In this article, we will try to predict the car sales demand given the train and test data. This problem was introduced as a JOBATHON competition on the Analytics Vidhya platform which ran from 22 April 2022 to 24 April 2022. The data that we used was available to only those who were registered in the competition and gave the MCQ test. MCQ test consists of 30 questions and each question had a timer of 1:30 minutes.

Demand forecasting is a field of predictive analytics which tries to use predictive analysis of historical data to understand and predict customer demand to optimize supply decisions.

In simple words, any product base company or business wants to know how much is the demand going to be for their product so that they can maintain the supply. To find or predict this demand historical data can be used. In the historical data, different variables can be provided related to the product. Using that information we can build a predictive model which will in turn predict the demand for a time window for the product.

PyCaret is an open-source, low-code machine learning library in Python that automates machine learning workflows. It is an end-to-end machine learning and model management tool that exponentially speeds up the experiment cycle and makes you more productive.

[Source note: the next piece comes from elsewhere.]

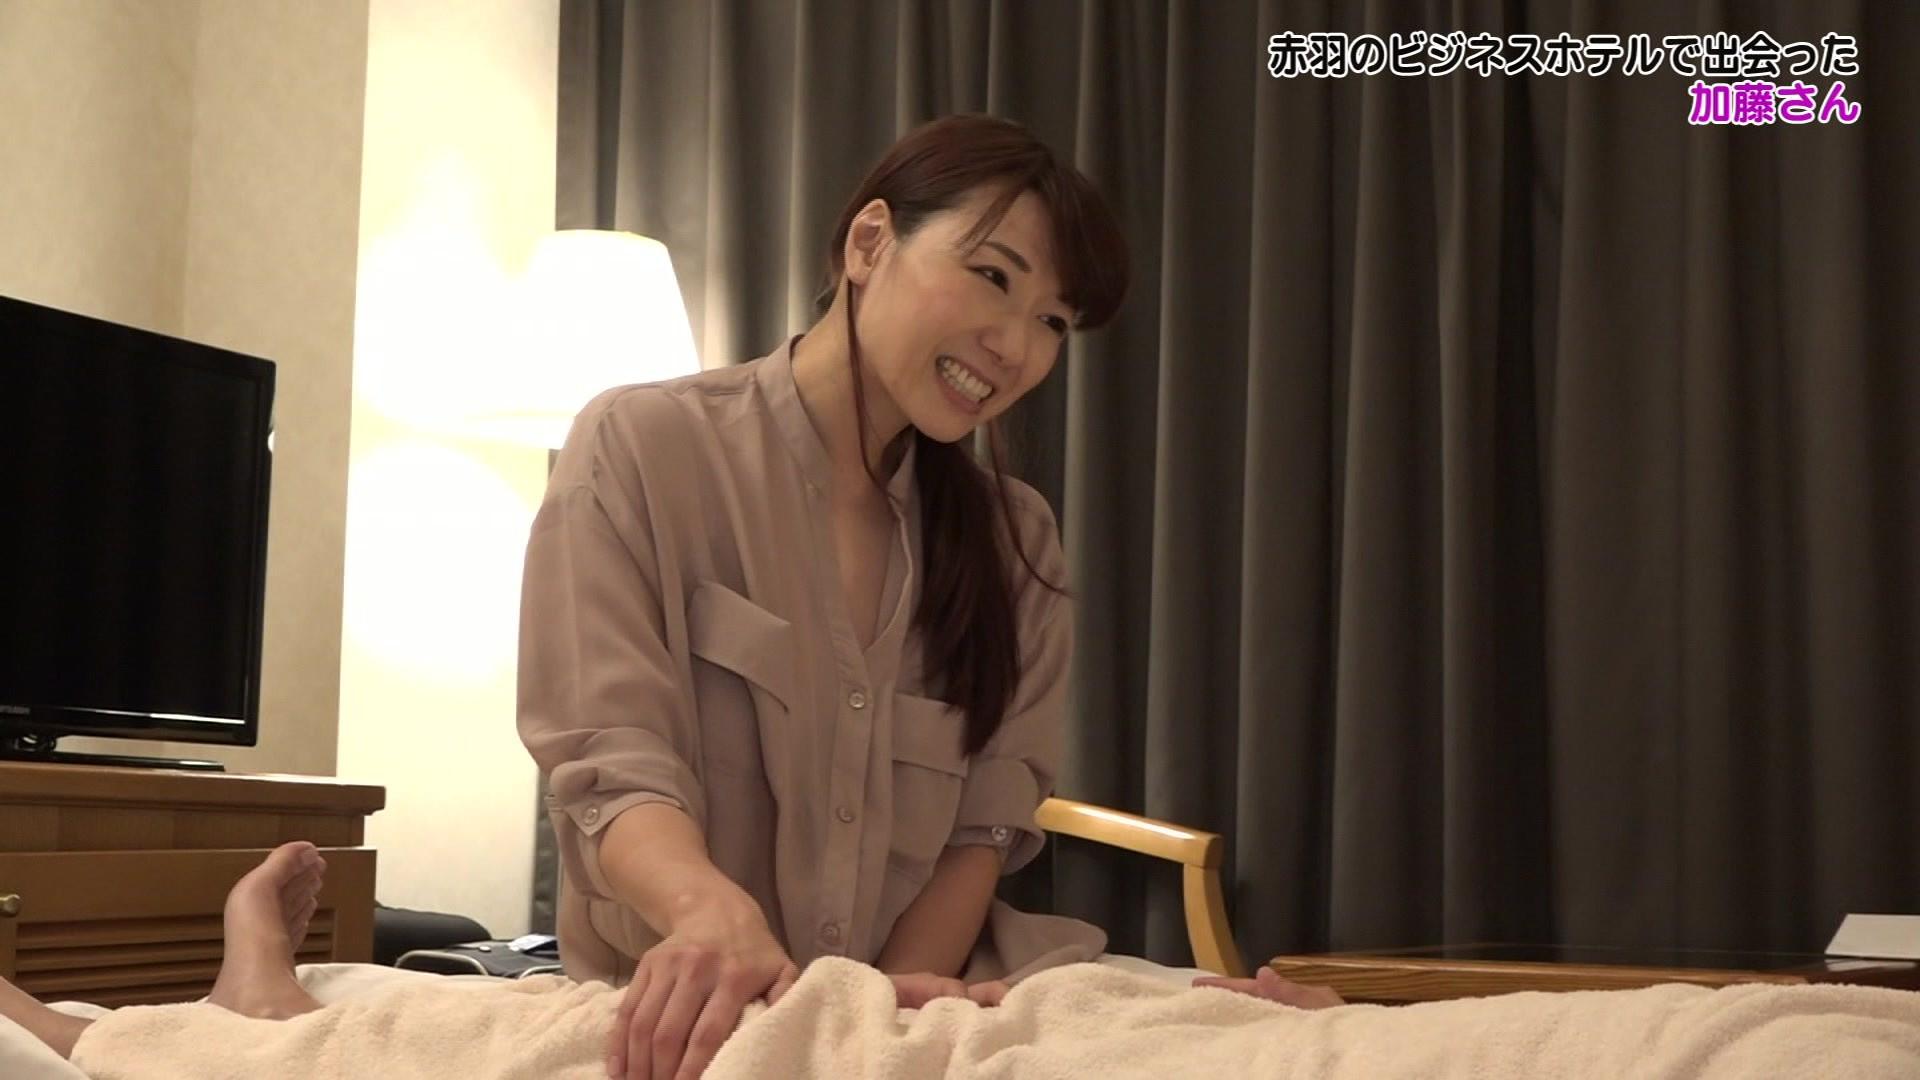 童顔人妻!福井のビジネスホテルで出会った美人マッサージ師・城石さんのおま●こが忘れられないので再び泊まって呼んでみたら中●しできちゃった 画像11

Source: https://pycaret.gitbook.io/docs/

Basically, pycaret is a python library that can help a data analyst do his/her task in less time and make them more productive.

pycaret is a wrapper library that uses available machine learning libraries and automates the whole machine learning pipeline and reduces the time for model building.

In this article, we will see the power of pycaret and analyze the results for Car Sales demand prediction.

ABC is a car rental company based out of Bangalore. It rents cars for both in and outstations at affordable prices. The users can rent different types of cars like Sedans, Hatchbacks, SUVs and MUVs, Minivans, and so on.

In recent times, the demand for cars is on the rise. As a result, the company would like to tackle the problem of supply and demand. The ultimate goal of the company is to strike the balance between supply and demand in order to meet user expectations. The company has collected the details of each rental. Based on the past data, the company would like to forecast the demand for car rentals on an hourly basis.

The main objective of the problem is to develop the machine learning approach to forecast the demand for car rentals on an hourly basis.

**Feature Information**

We are provided with three features **date**, **hour,** and **demand** in the dataset. There are no other variables.

**Gather information from the “date” feature**

Since there is no other information given that we can use for demand forecasting apart from “date”, we will collect possible information from the ‘date’ feature.

We Will capture ‘year’, ‘month’,’ ‘day’, ‘quarter’, ‘day_of_week'(dow) information from the ‘date’ feature.

df['date']=pd.to_datetime(df['date']) df['year']=df['date'].dt.year df['month']=df['date'].dt.month df['day']=df['date'].dt.day df['quarter']=df['date'].dt.quarter df['dow']=df['date'].dt.dayofweek

**Unique years in data**

There are years 2018, 2019, 2020, and 2021 present in the data. Since this is a Time Series Data we will not split it randomly for model building but We will keep 2021 data for testing and will use other years of data for training.

df_train=df[df['year']!=2021] df_test=df[df['year']==2021]

**Feature Correlation**

We can observe this in the figure above. There is no feature that has a good correlation with ‘demand’.

Now we will use “pycaret” for model building.

**Remove Unnecessary Features**

‘date’ and ‘year’ information is not required while building the model. Since it is a time-series data years and dates present in training data will not be available in test data hence it is of no use keeping them.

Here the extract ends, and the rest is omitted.